Step-by-step explanation:
[tex]\frac{1}{\sec(x)-1}+\frac{1}{\sec(x)+1}[/tex]
I'm going to find a way to combine the fractions as one.
Multiply the first fraction by [tex]\frac{\sec(x)+1}{\sec(x)+1}[/tex] and multiply the second fraction by [tex]\frac{\sec(x)-1}{\sec(x)-1}[/tex].
[tex]\frac{\sec(x)-1}{(\sec(x)-1)(\sec(x)+1)}+\frac{\sec(x)+1}{(\sec(x)+1)(\sec(x)-1)}[/tex]
[tex]\frac{\sec(x)-1+\sec(x)+1}{(\sec(x)+1)(\sec(x)-1)}[/tex]

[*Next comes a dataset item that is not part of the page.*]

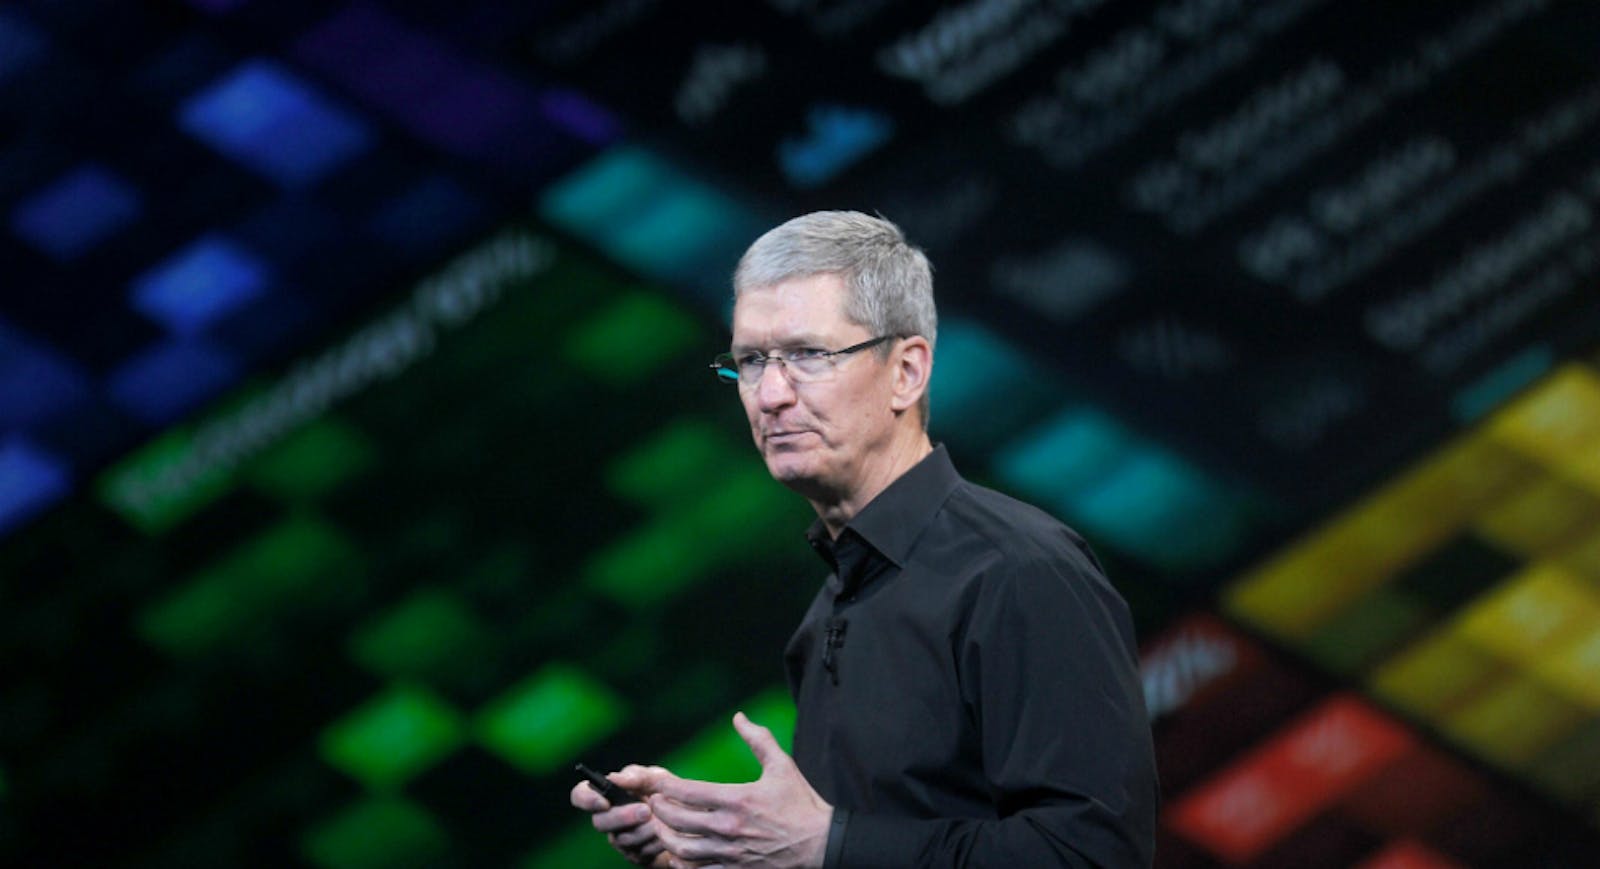 Apple CEO Tim Cook. Photo by Bloomberg.

The bottom product can easily be determine since when multiplying the conjugate of [tex]a+b[/tex] which [tex]a-b[/tex], we only have to multiply first terms and then last terms giving us [tex]a^2-b^2[/tex].

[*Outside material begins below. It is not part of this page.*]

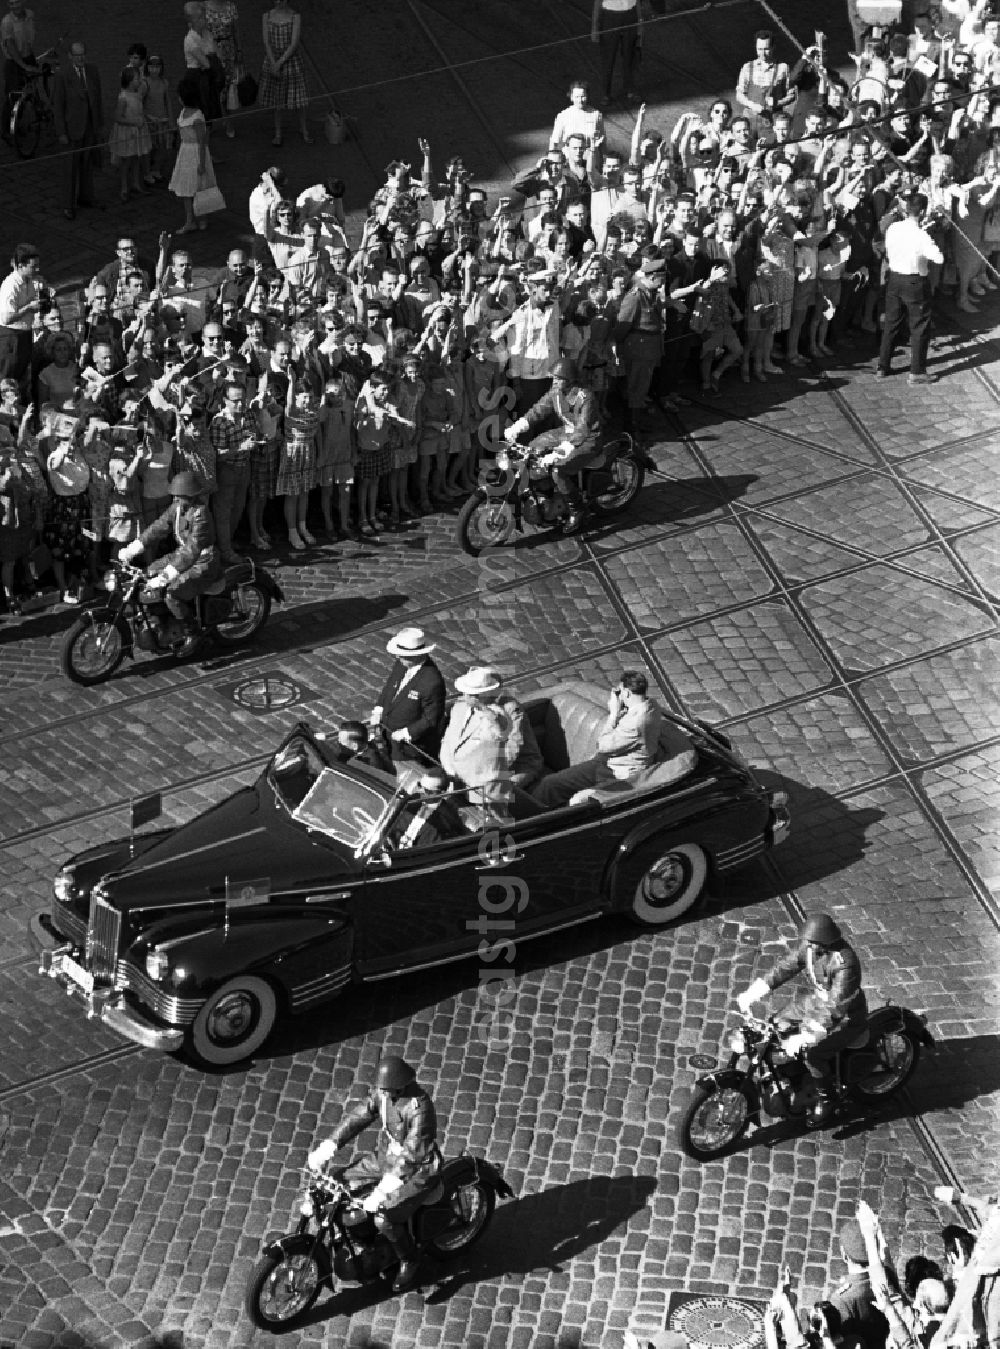 GDR picture archive: Berlin - State visit of the Soviet Prime Minister Nikita Khrushchev to Berlin in the territory of the former GDR, German Democratic Republic. Nikita Khrushchev and Walter Ulbricht drive past spectators together at Alexanderplatz

[tex]\frac{2\sec(x)}{\sec^2(x)-1}[/tex]
Recall the Pythagorean Identity: [tex]1+\tan^2(x)=\sec^2(x)[/tex]
So I can replace [tex]\sec^2(x)-1[/tex] with [tex]\tan^2(x)[/tex]:
[tex]\frac{2\sec(x)}{\tan^2(x)}[/tex]
[tex]2\sec(x) \cdot \frac{1}{\tan^2(x)}[/tex]
[tex]2\sec(x) \cdot \frac{\cos^2(x)}{\sin^2(x)}[/tex]
[tex]2 \sec(x) \cos(x) \cos(x) \frac{1}{\sin^2(x)}[/tex]
[tex]2 (\sec(x) \cos(x)) \cos(x) \frac{1}{\sin^2(x)}[/tex]
[tex]2(1)\cos(x)\csc^2(x)[/tex]
[tex]2\cos(x)\csc^2(x)[/tex]